Enrollment is the same as before - plug in your token, and run:

systemd-cryptenroll --fido2-device=auto /dev/zvol/rpool/keystore

Then follow the prompts. In my case:

$#$ systemd-cryptenroll --fido2-device=auto /dev/zvol/rpool/keystore
🔐 Please enter current passphrase for disk /dev/zvol/rpool/keystore: •••••••••••••••
Initializing FIDO2 credential on security token.
👆 (Hint: This might require confirmation of user presence on security token.)
🔐 Please enter security token PIN: ••••••••                
Generating secret key on FIDO2 security token.
👆 In order to allow secret key generation, please confirm presence on security token.
New FIDO2 token enrolled as key slot 2.

This follows however your token is setup. Mine requires both a PIN and user presence for FIDO2, so I get prompted for those.

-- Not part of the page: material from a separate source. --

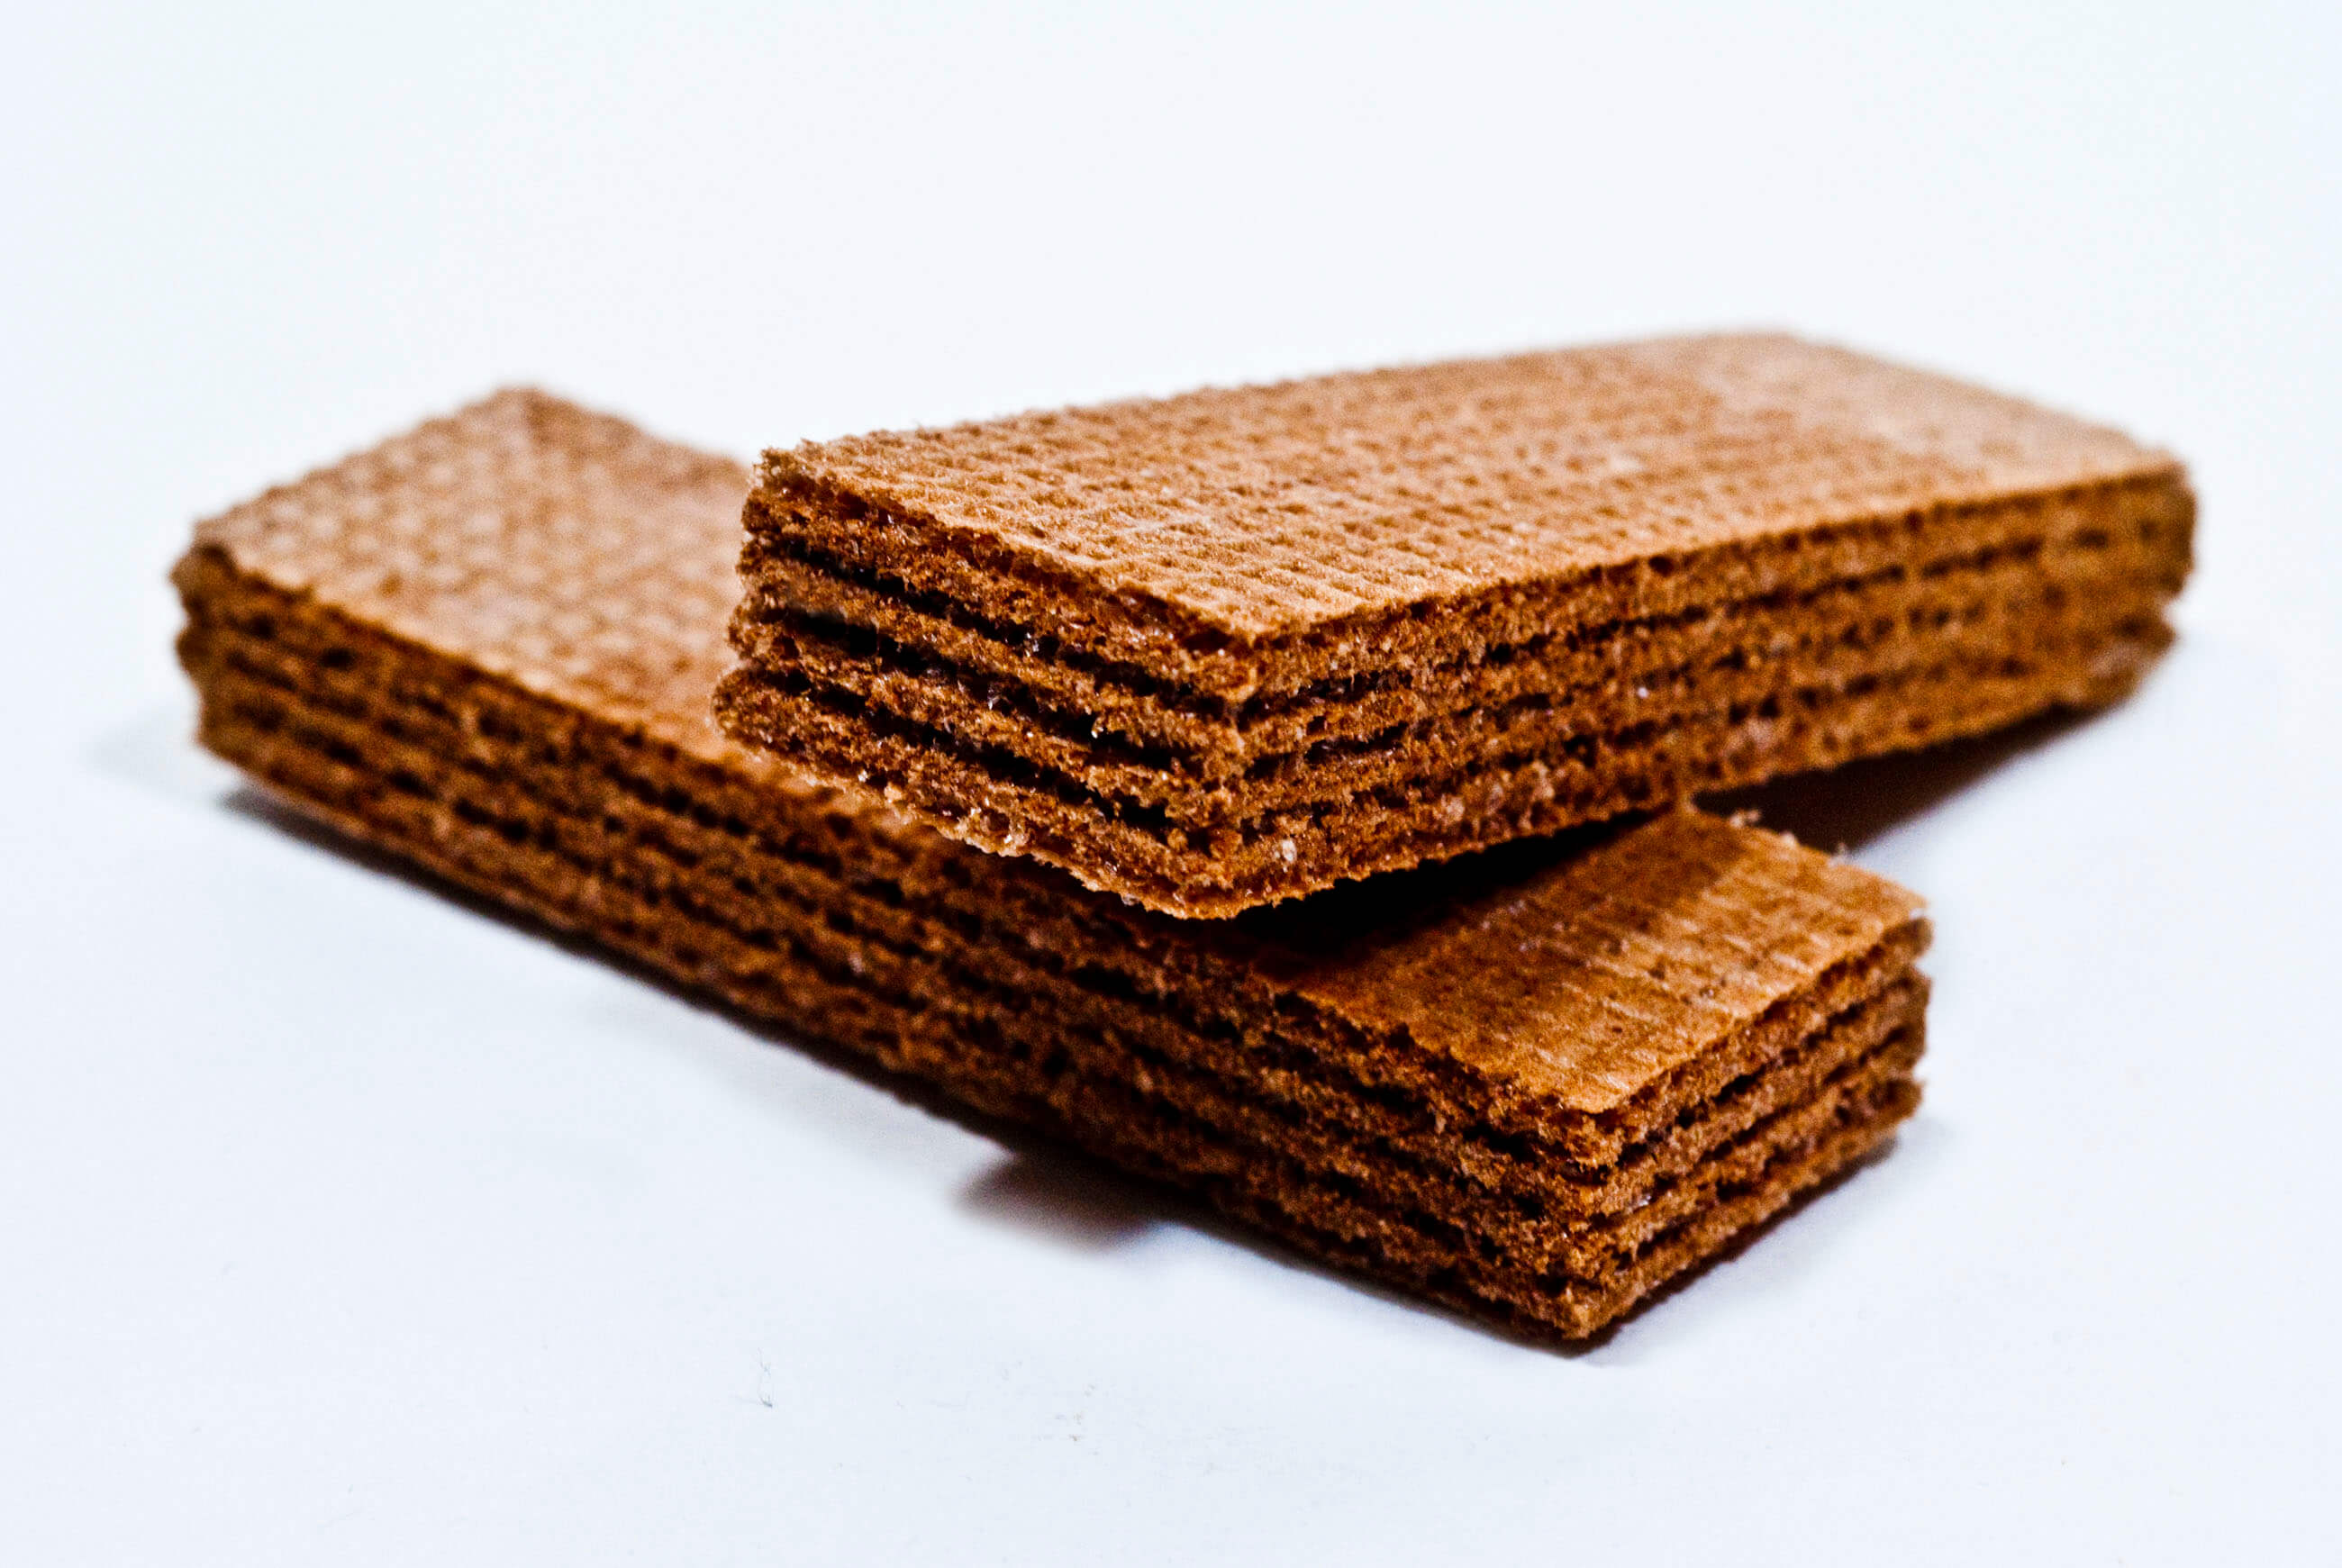 National Chocolate Wafer Day

We can test this out by deliberalyte running dracut -f which will break our TPM config and then rebooting.

Remaining Problems

This gets you most of the way there, but not all the way - the problem with this approach is still a sequencing one, the ZFS mount scripts only wait around for you because they're expected udev to bring up a block device which will be correctly mounted. You have about 10-15 seconds with password auth before you'll get dumped to an emergency shell anyway.

That seems to be a ZFS mount script problem though - I suspect to fix it they'd have to - again - know that they're actually waiting on a password prompt and not just failing to mount.